You're trying to work on groups of five adjacent characters so I'd set up a sequence of such adjacent groups:

; define some source data, right answer is "1235"
(def char-seq (seq "dfyfgvbufi12345idvdfhopshbsopgeobvufpdhbugphp123a5ghauoyhewqojbvrbon"))

; now partition into adjacent overlapping groups of five (with a step of 1)
(def char-groups (partition 5 1 char-seq))

; prove it works
(take 3 char-groups)
=> ((\d \f \y \f \g) (\f \y \f \g \v) (\y \f \g \v \b))

Now we want to define what a valid match means: in this case 4 characters should be the same in two groups being compared.
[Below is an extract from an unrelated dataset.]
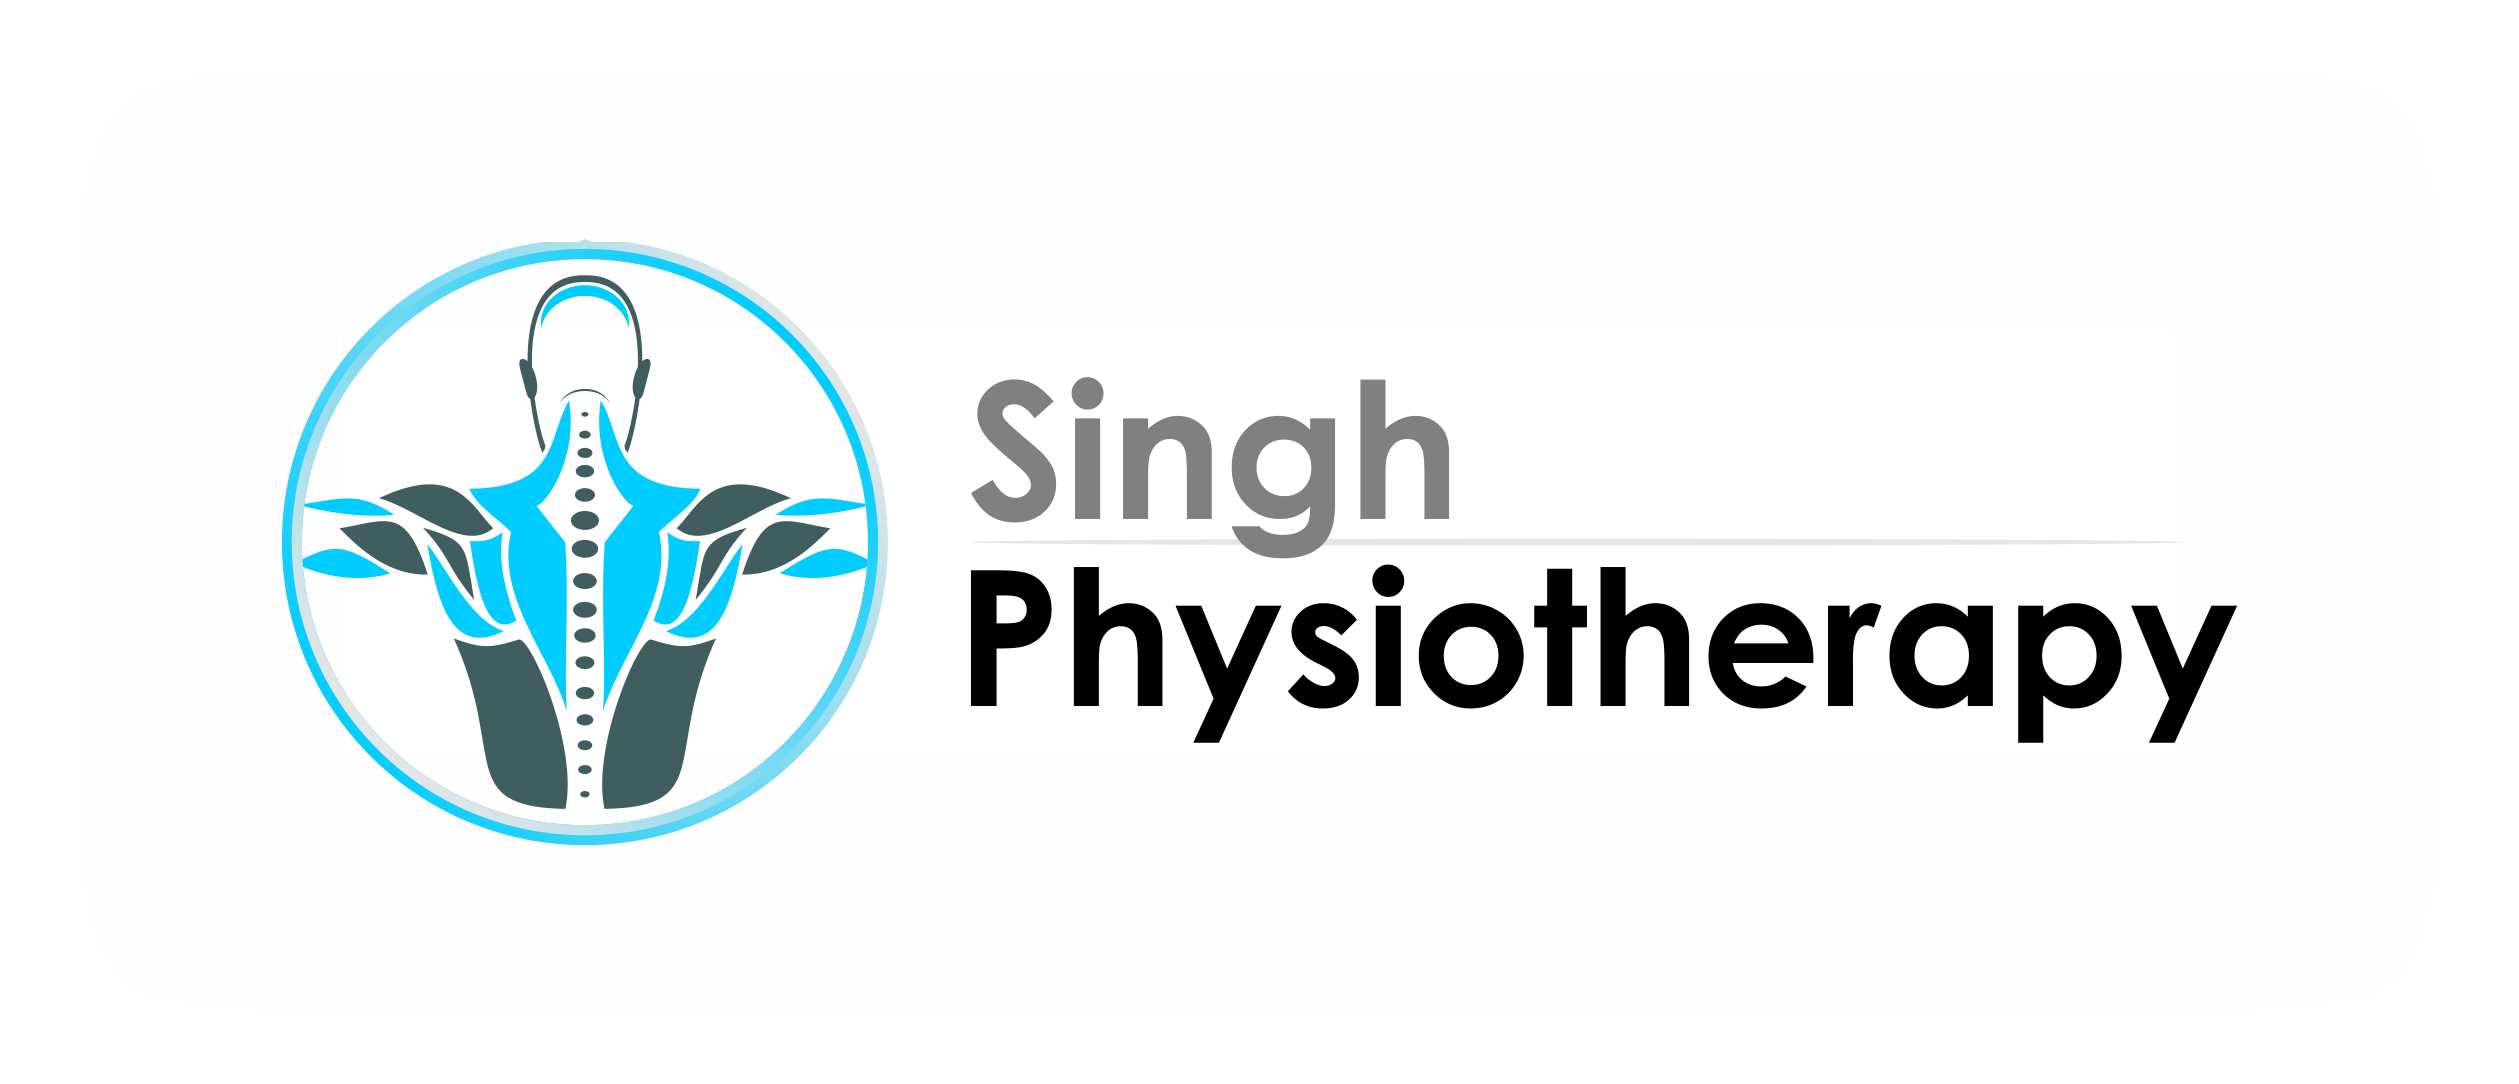 Singh Physiotherapy|Diagnostic centre|Medical Services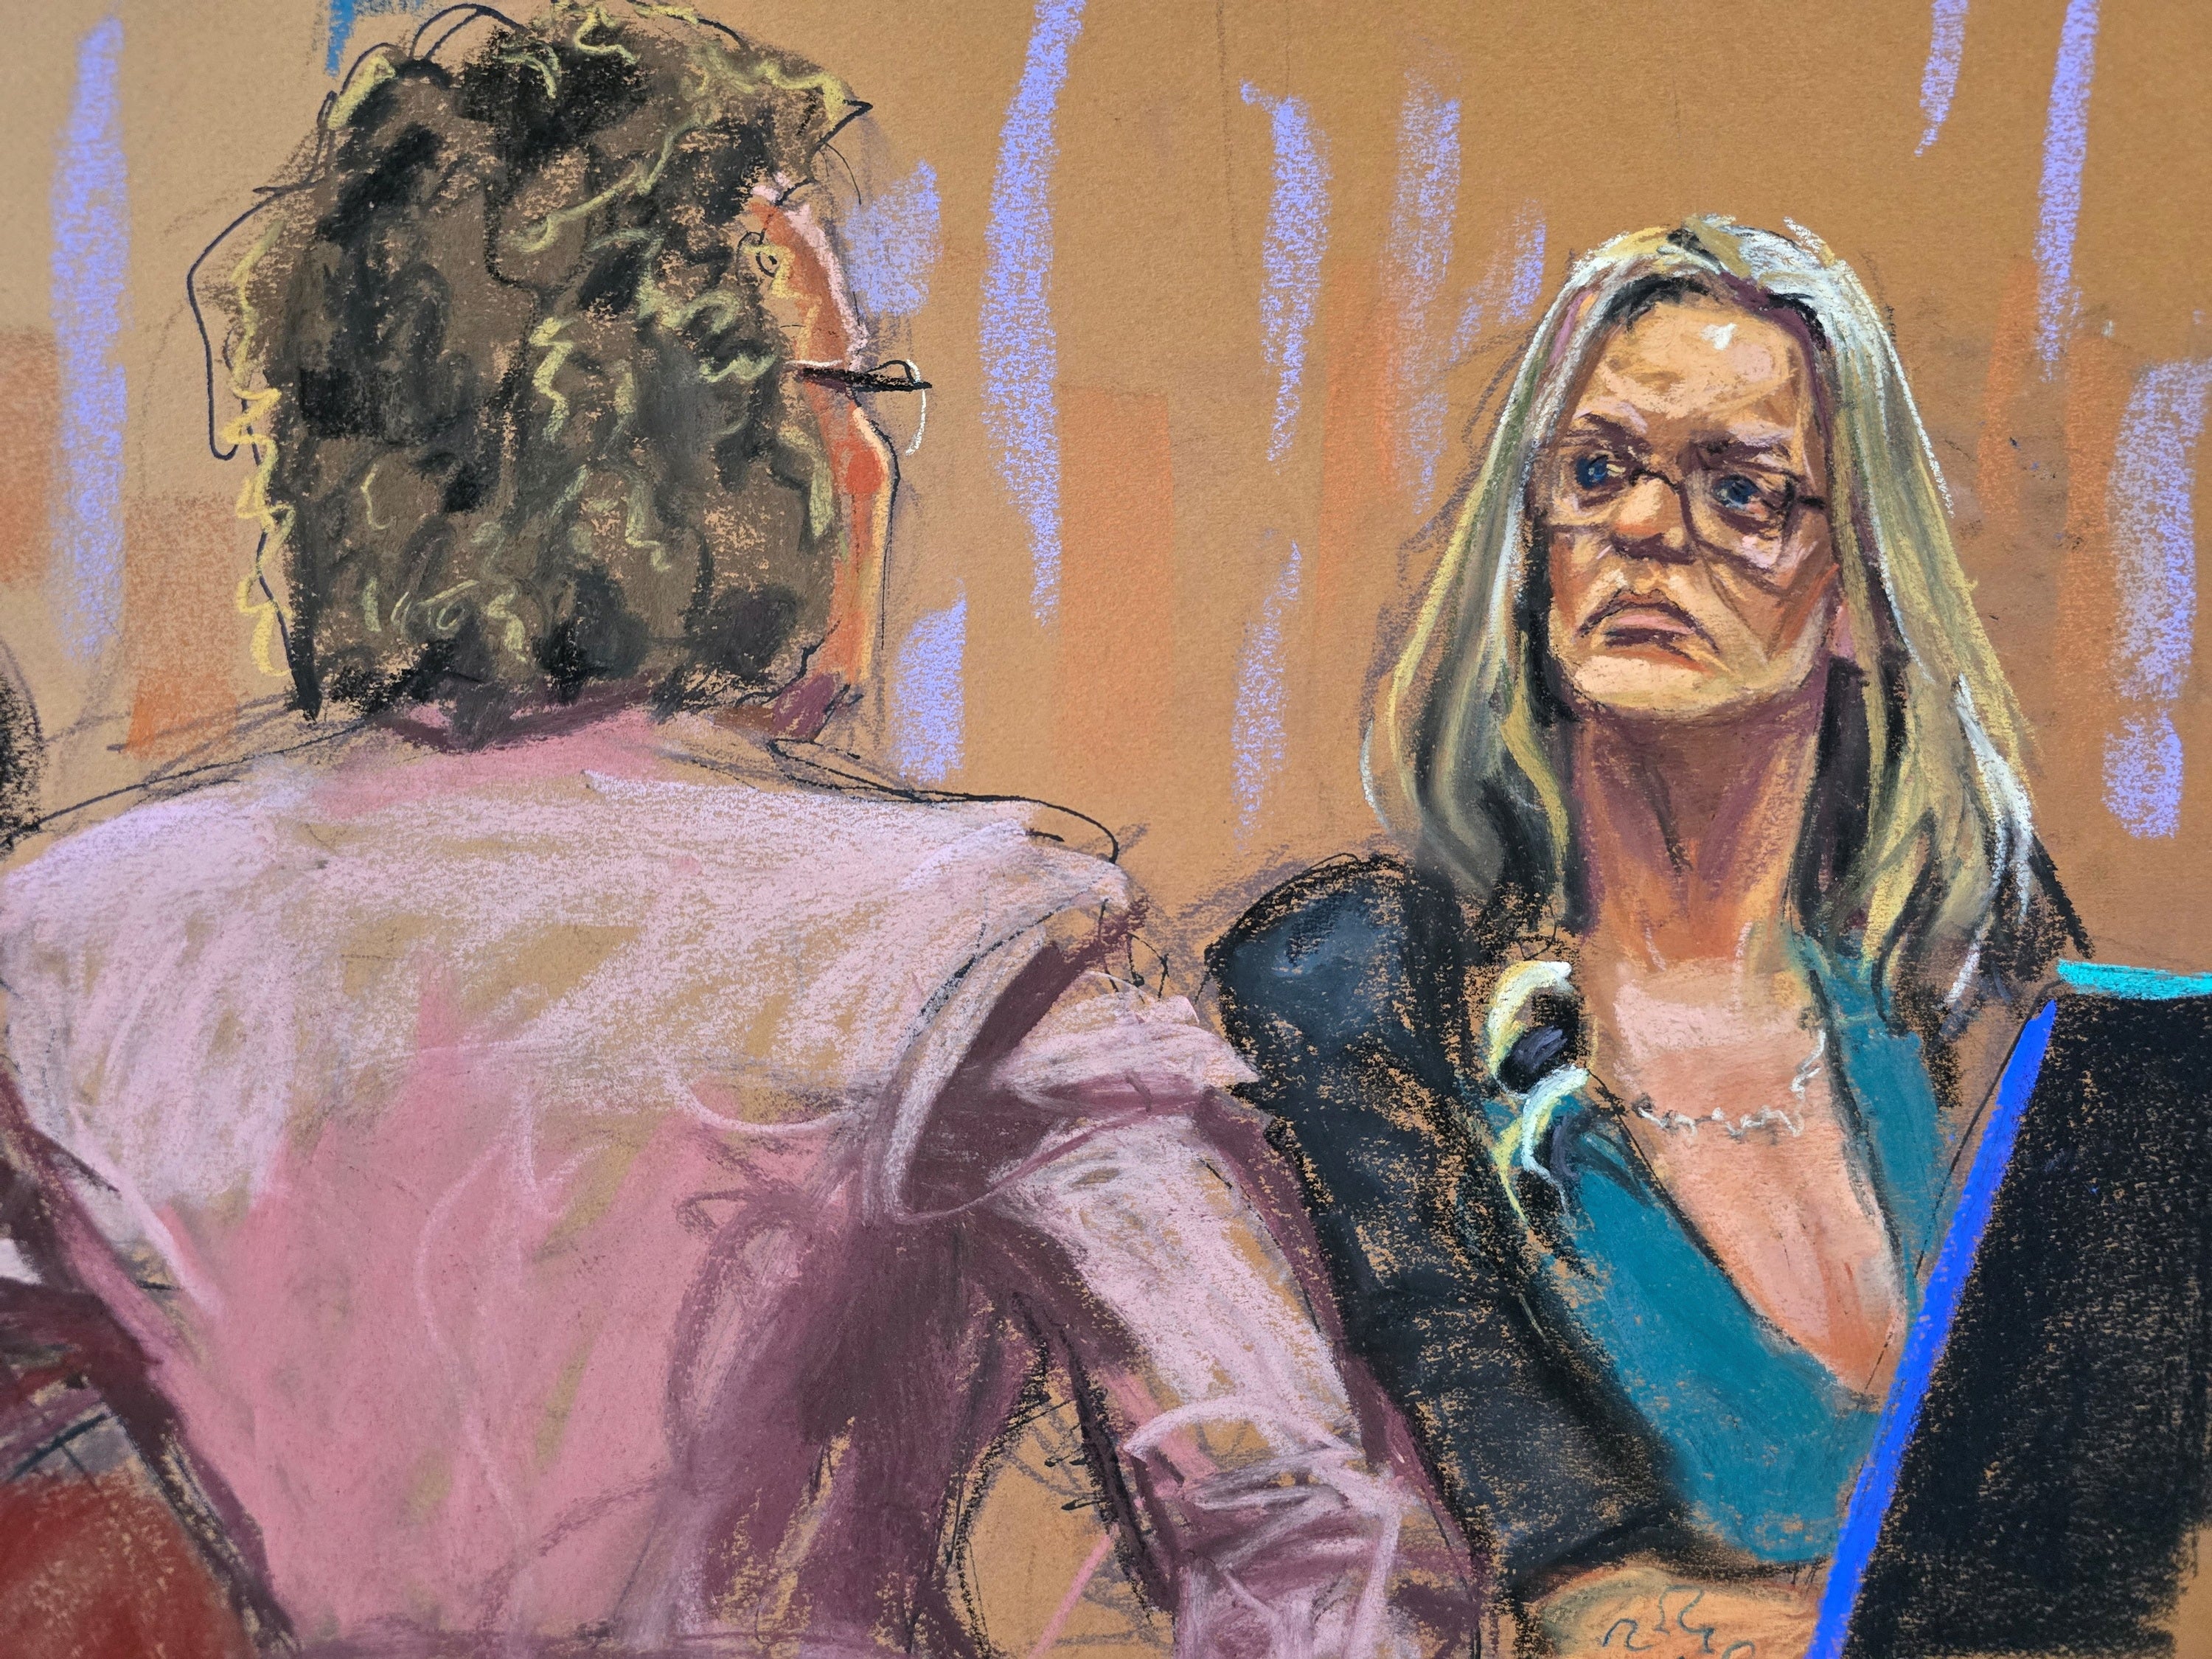 Stormy Daniels during cross-examination at the criminal trial of Donald Trump

; helper function to count the number of true values in a collection / sequence
(defn count-true [coll]
  (reduce 
    #(+ %1 (if %2 1 0))
    0 
    coll))

; function to determine if exactly four characters are equal in two groups
(defn matches? [group1 group2]
  (= 4
    (count-true (map = group1 group2))))

Finally you just need to run the matches? function over all possible groups:

(def results
  (distinct
    (keep identity
      (for [group1 char-groups 
            group2 char-groups]
        (if (matches? group1 group2)
          (filter identity (map #(if (= %1 %2) %1 nil) group1 group2))
          nil)))))


results
=> ((\1 \2 \3 \5))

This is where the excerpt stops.